Forster betonte, dass man dies auch im Abfallbereich feststellen könne. "Wir sind weit entfernt davon, eine wirkliche Kreislaufwirtschaft zu betreiben", erklärte der bvse-Präsident und kritisierte, dass immer neue Produkte in unsere Märkte und in unsere Umwelt gelangen und viele davon hätten nur ein "One-Way-Ticket". Gleichzeitig würde immer noch eine Unmenge an Energie vergeudet. So gebe es immer noch viele Landkreise, die keine Biotonne eingeführt haben. Dabei könnte Biogas nach neuesten Berechnungen 25 % des Gasbedarfs in Deutschland decken. "Wir sind gar nicht so abhängig. Weder von russischem Gas, noch von kanadischem Wasserstoff, noch von saudischem Öl oder Gas aus Katar. Wir müssen aber endlich unsere Möglichkeiten ausschöpfen und da sehe ich für den Mittelstand riesige Chancen."

bvse-Präsident Henry Forster rief dazu auf, sich nicht kirre machen zu lassen von all den Bad-News, die jeden Tag verbreitet werden. Es gebe keinen Grund, sich in die Reihen der Schwarzmaler einzureihen. "Genau in diesen Krisen sind Innovationen, Risikobereitschaft, Unternehmertum und positive Grundhaltung die größte Chance. Vielleicht ist es das, was den Mittelstand auszeichnet. Der Mittelstand unserer Branche musste schon immer mit volatilen Märkten, mit ruinösen Preiskämpfen, mit schädlichen politischen Entscheidungen, mit Rohstoffkrisen und mit Wettbewerbsmonopolen kämpfen", erklärte Forster.

Henry Forster ging in seiner Rede bei der bvse-Jahrestagung aber auch auf die politischen Rahmenbedingungen ein. "Natürlich brauchen wir auch politische Unterstützung, aber wir betteln nicht um Schutzschirme", erklärte der bvse-Präsident. Es gehe vielmehr darum, dass auch in der Krise Kreislaufwirtschaft möglich bleibt. Deshalb lehnt der bvse auch das momentan diskutierte Exportverbot von Abfällen ab, da hierunter auch Sekundärrohstoffe fallen. "Das ist absurd. Wir stellen ja auch nicht den Import von Sekundärrohstoffen ein", so der bvse-Präsident.

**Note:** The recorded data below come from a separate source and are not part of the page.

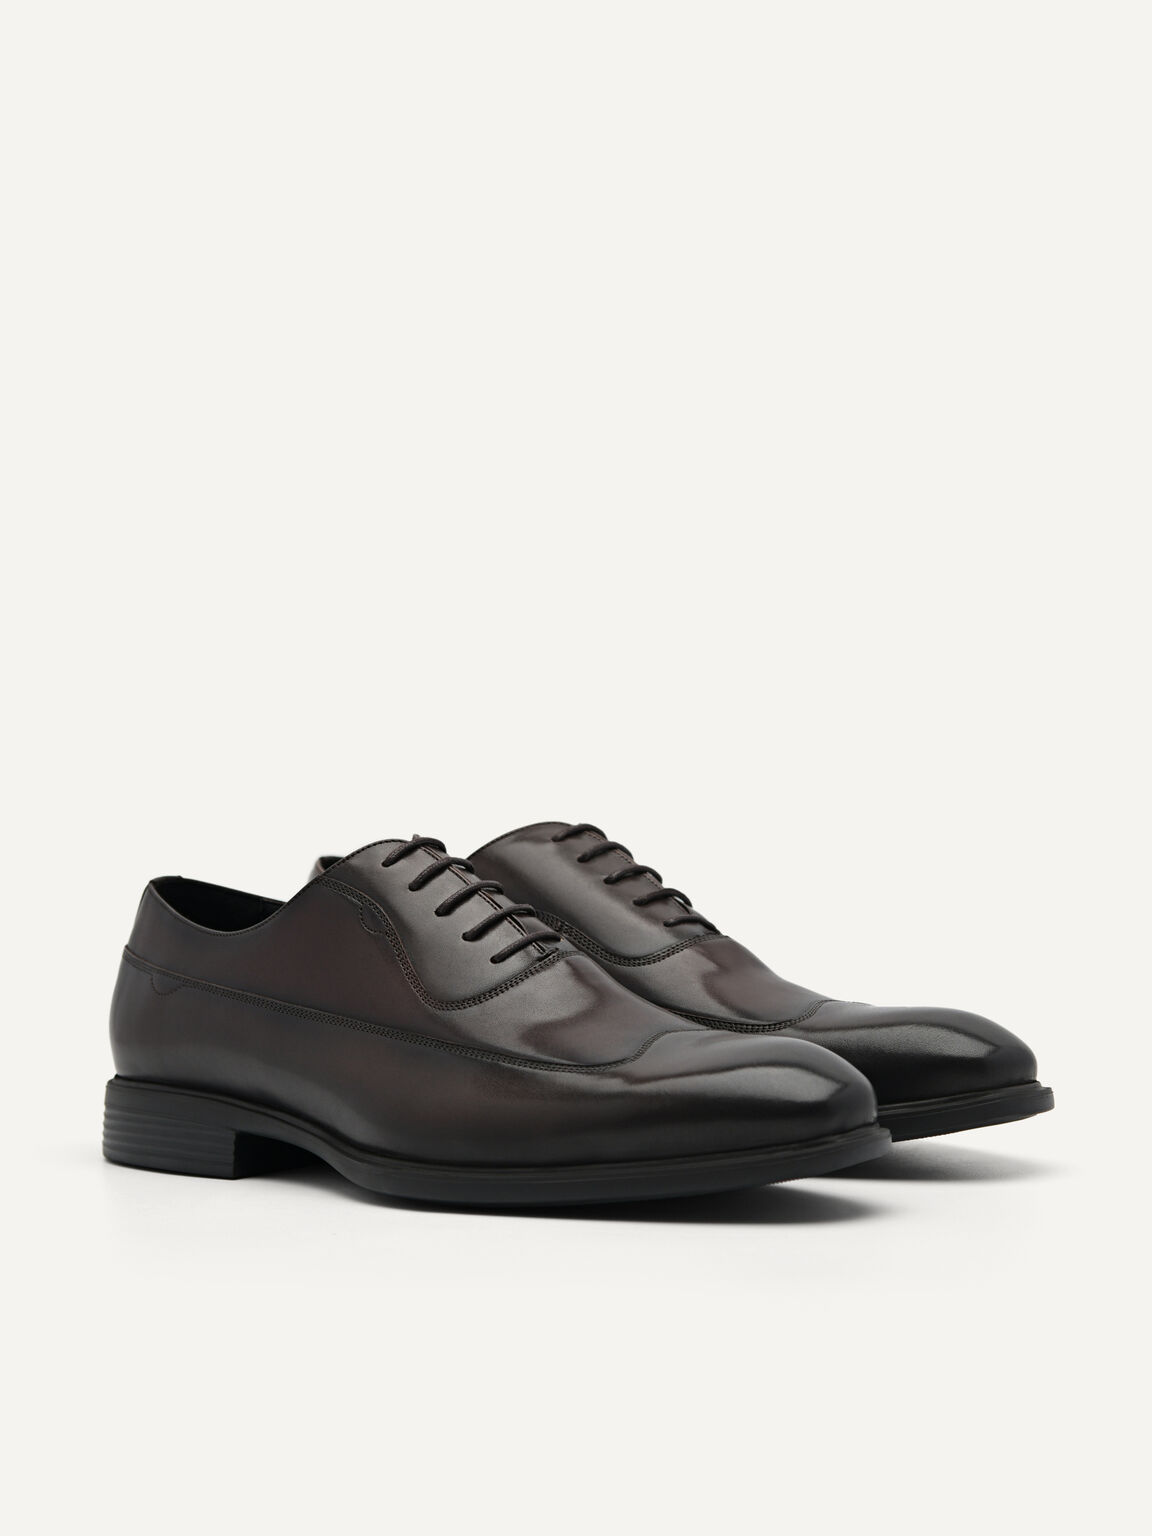 Dylan Leather Oxford Shoes, Dark Brown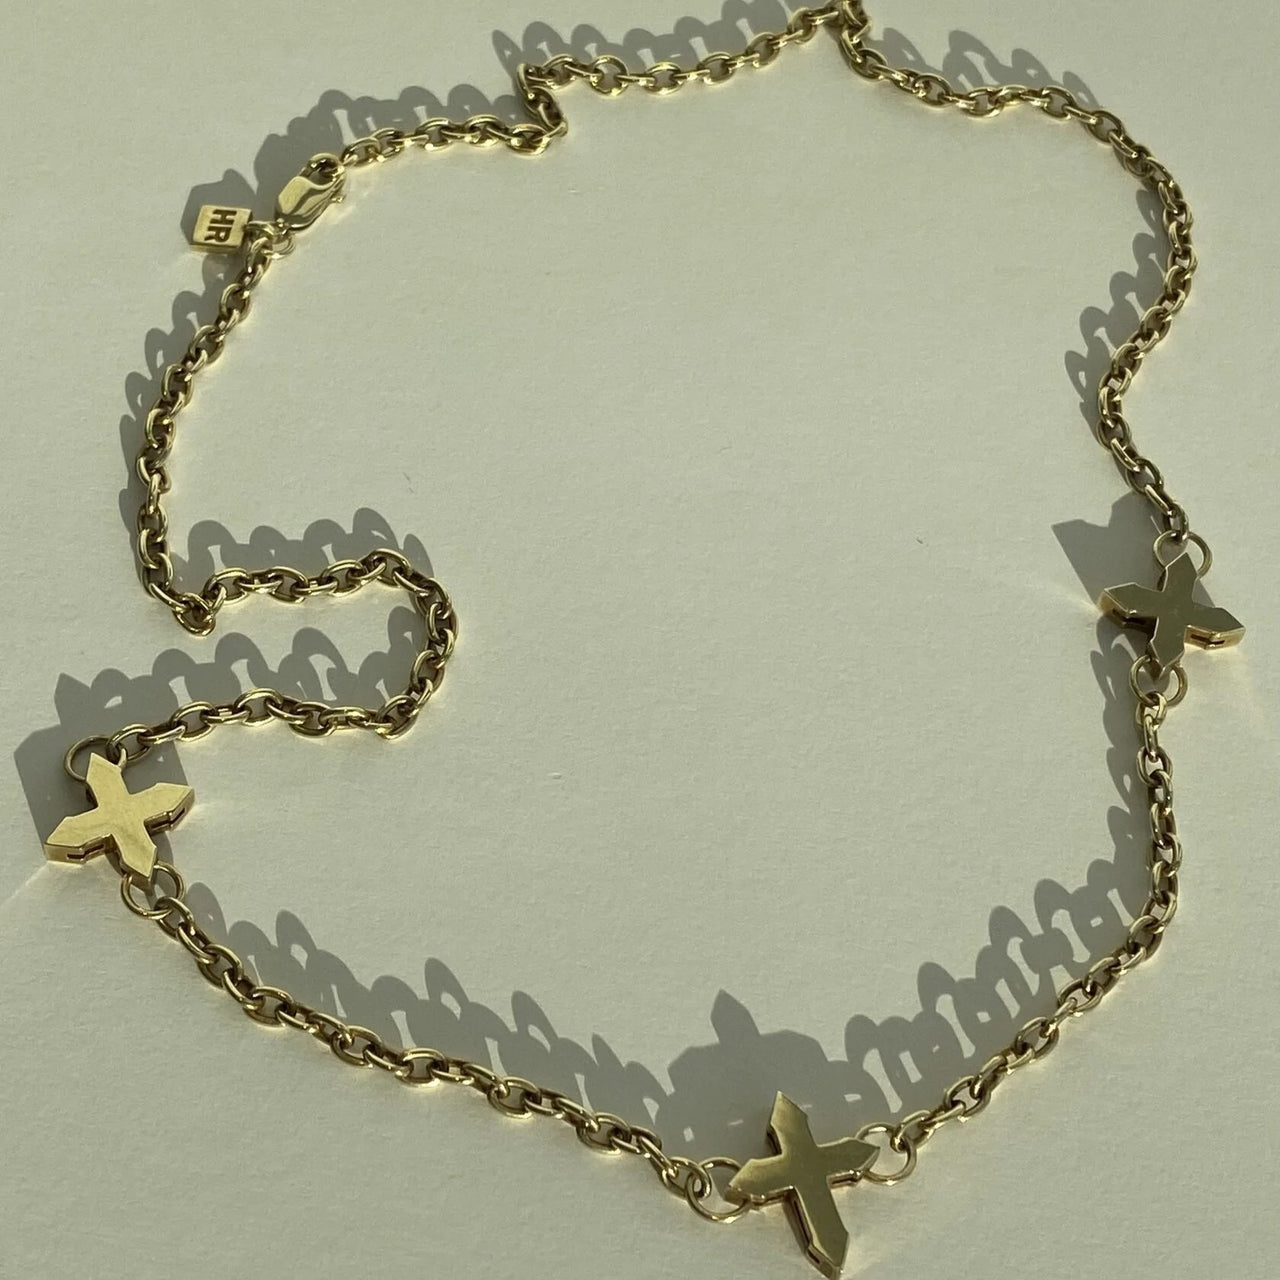 NECKLACE "TRINITY" / SOLID GOLD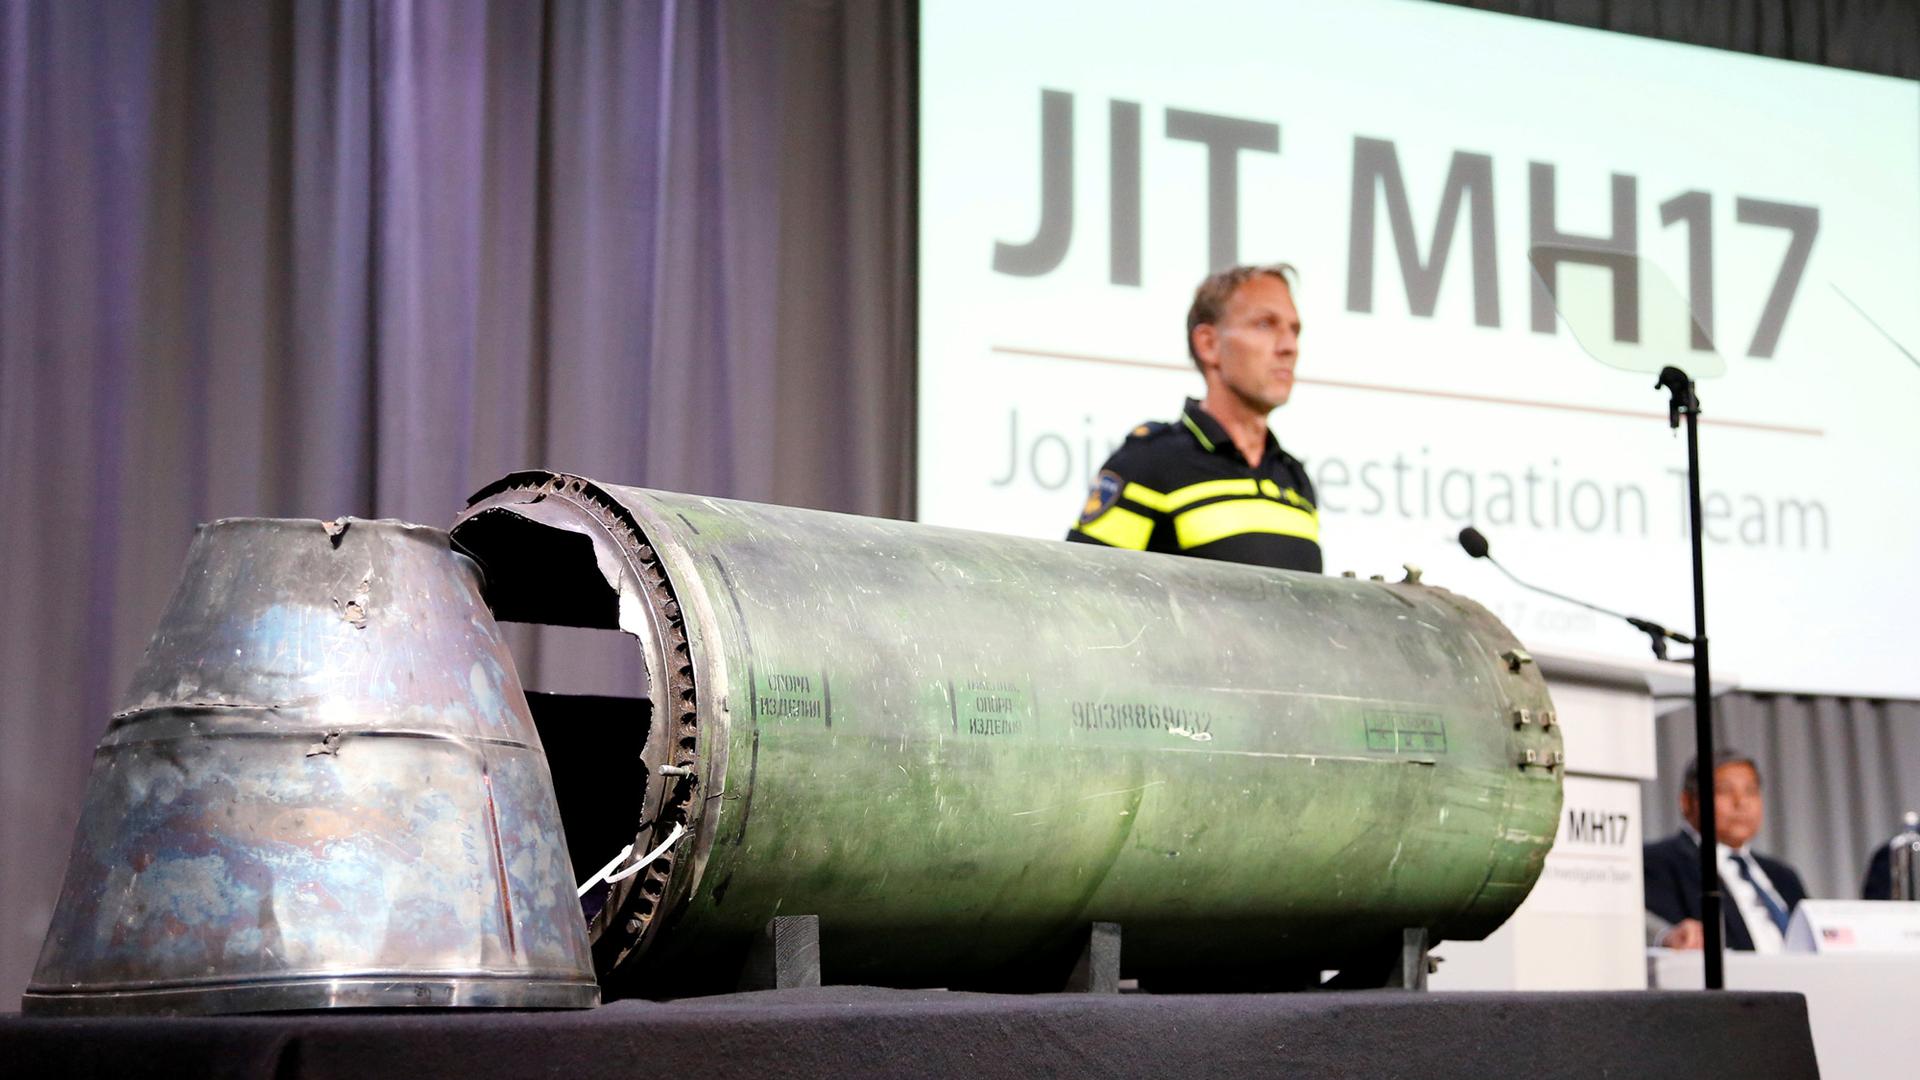 A large piece of silver meta, a damaged missile,l sits on a table while MH 17 is projected in the background of a screen.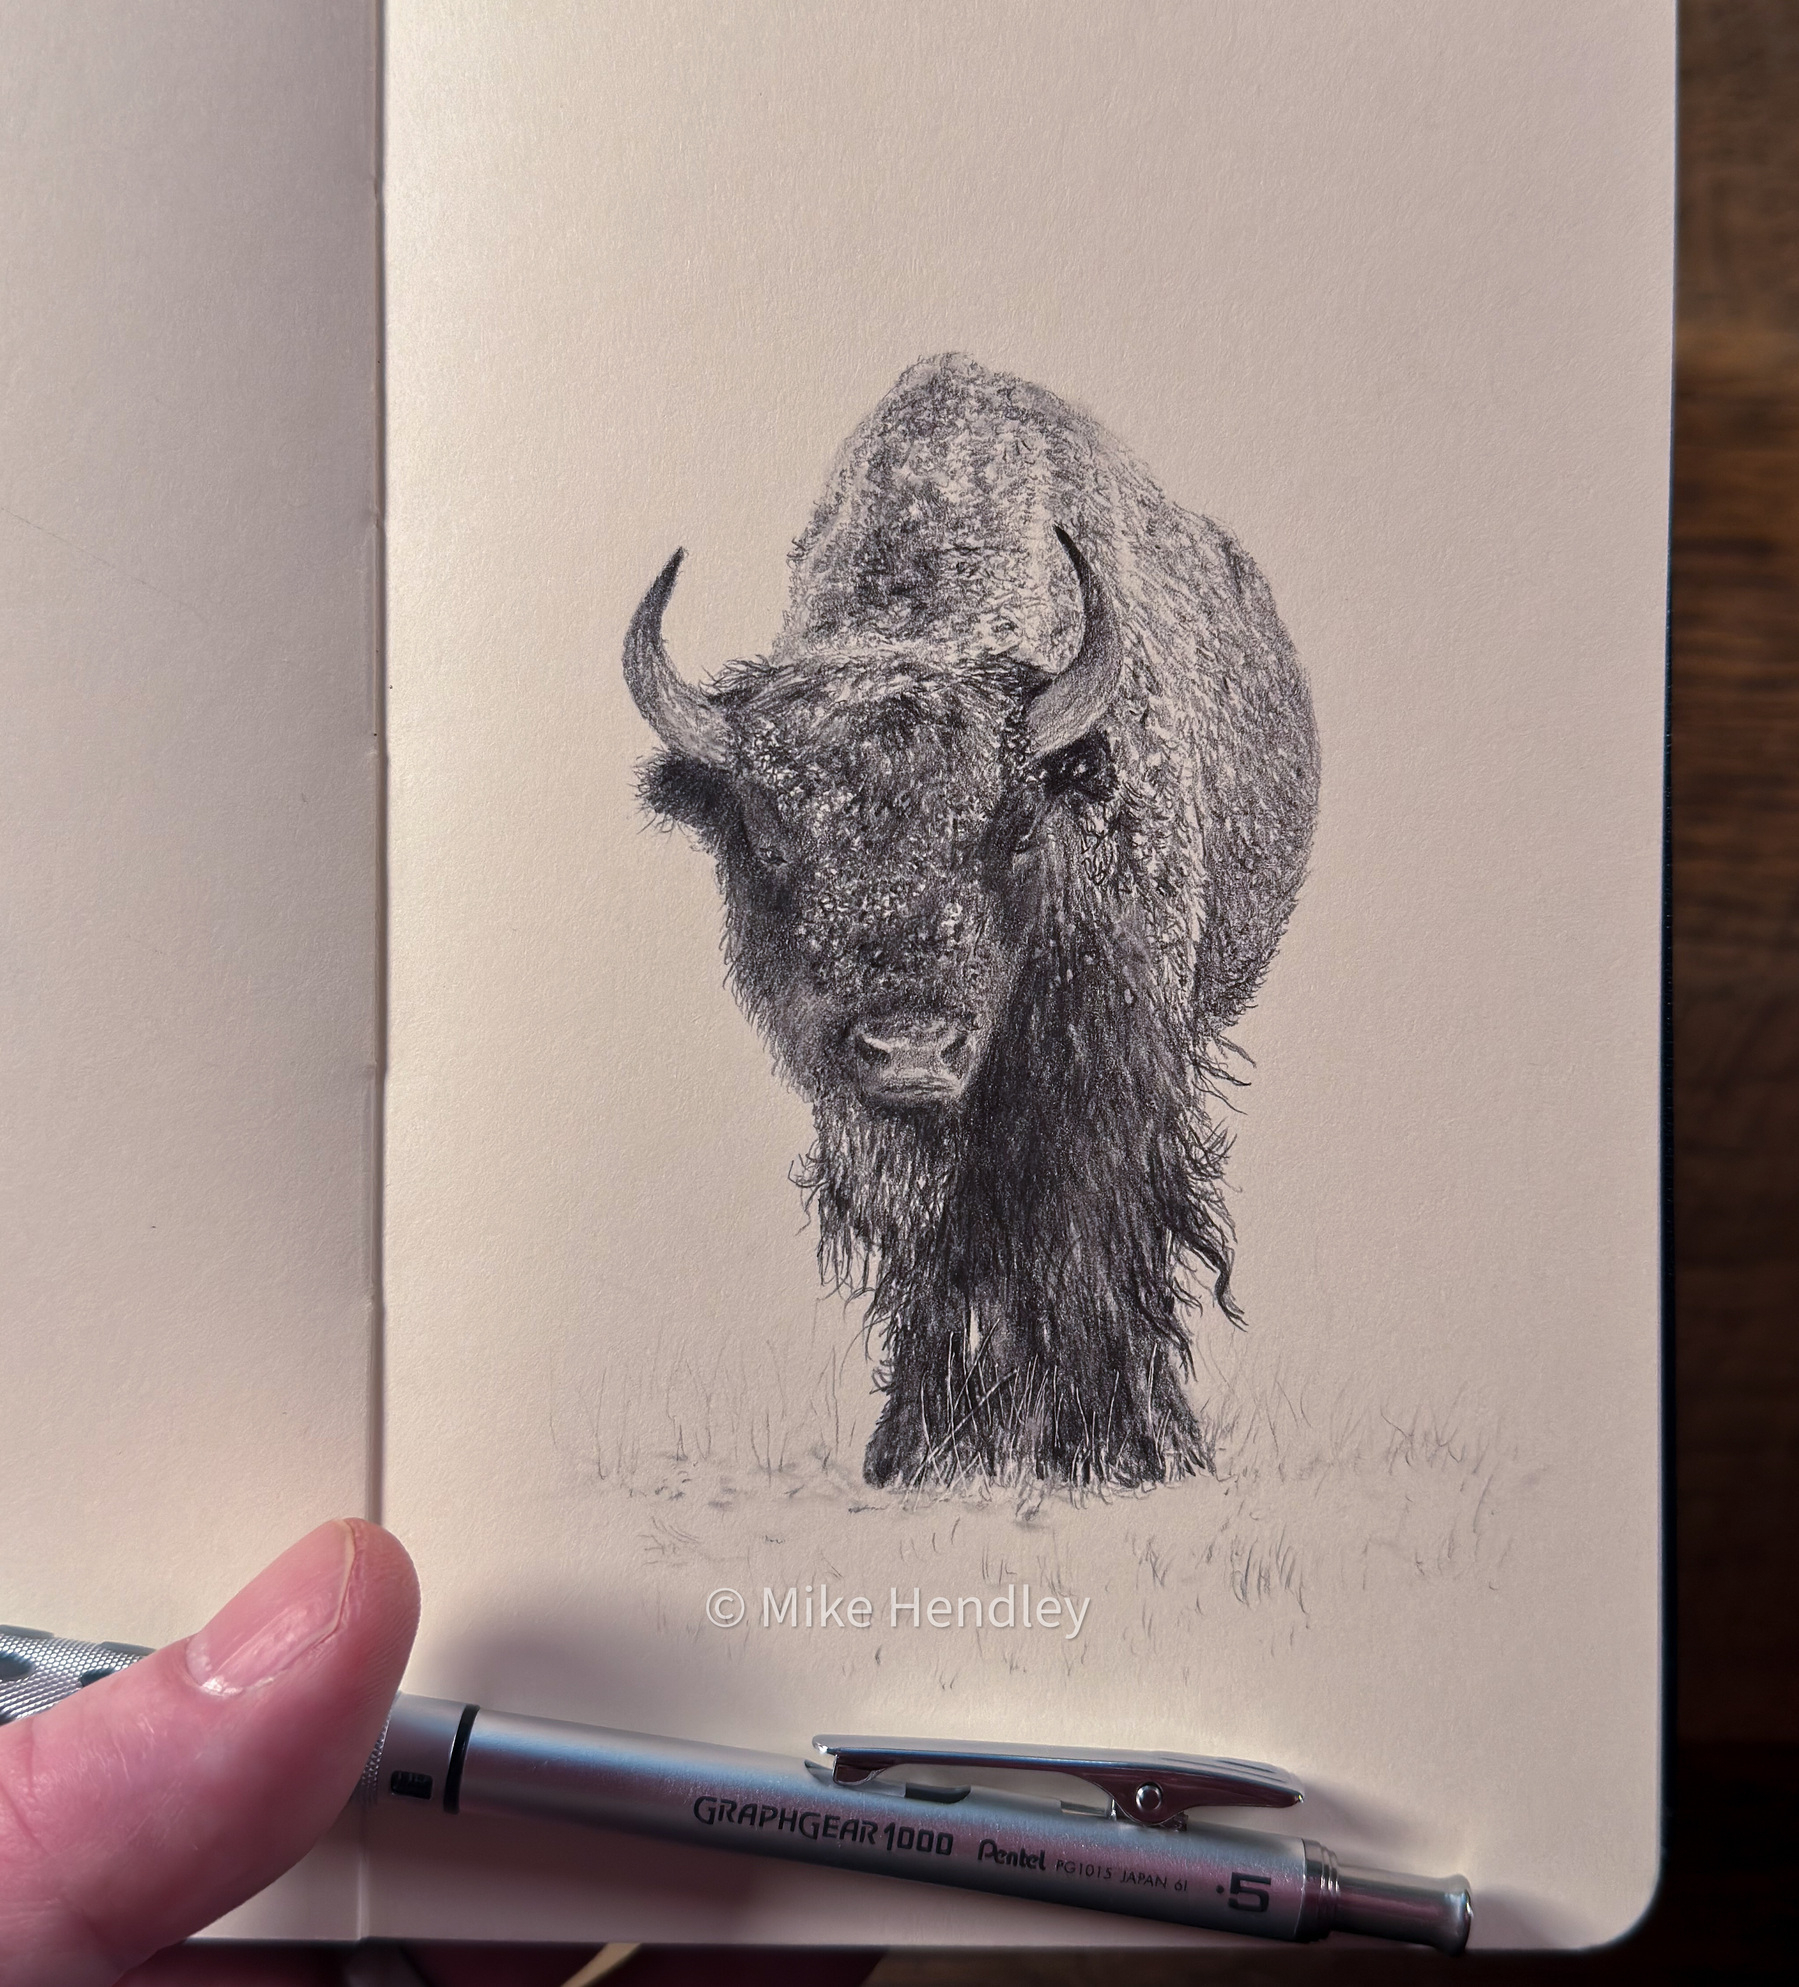 A detailed pencil drawing of a bison with a dense, shaggy coat, visible in its textured shading. The bison's head is facing forward, with its two curved horns framing a serene expression. The artwork is on a tan-colored page in a sketchbook, and there's a Pentel Graphgear 1000 mechanical pencil placed at the bottom for scale.

Abschließend bekräftigte Henry Forster in Berlin noch einmal die Forderung seines Verbandes, dass auch Müllverbrennungsanlagen in den Brennstoffemissionshandel einbezogen werden. "Wer Treibhausgas emittiert, muss auch dafür bezahlen. Es kann nicht sein, dass ein Zementwerk, das Ersatzbrennstoff einsetzt, dafür bezahlen muss und ein Müllheizkraftwerk nicht."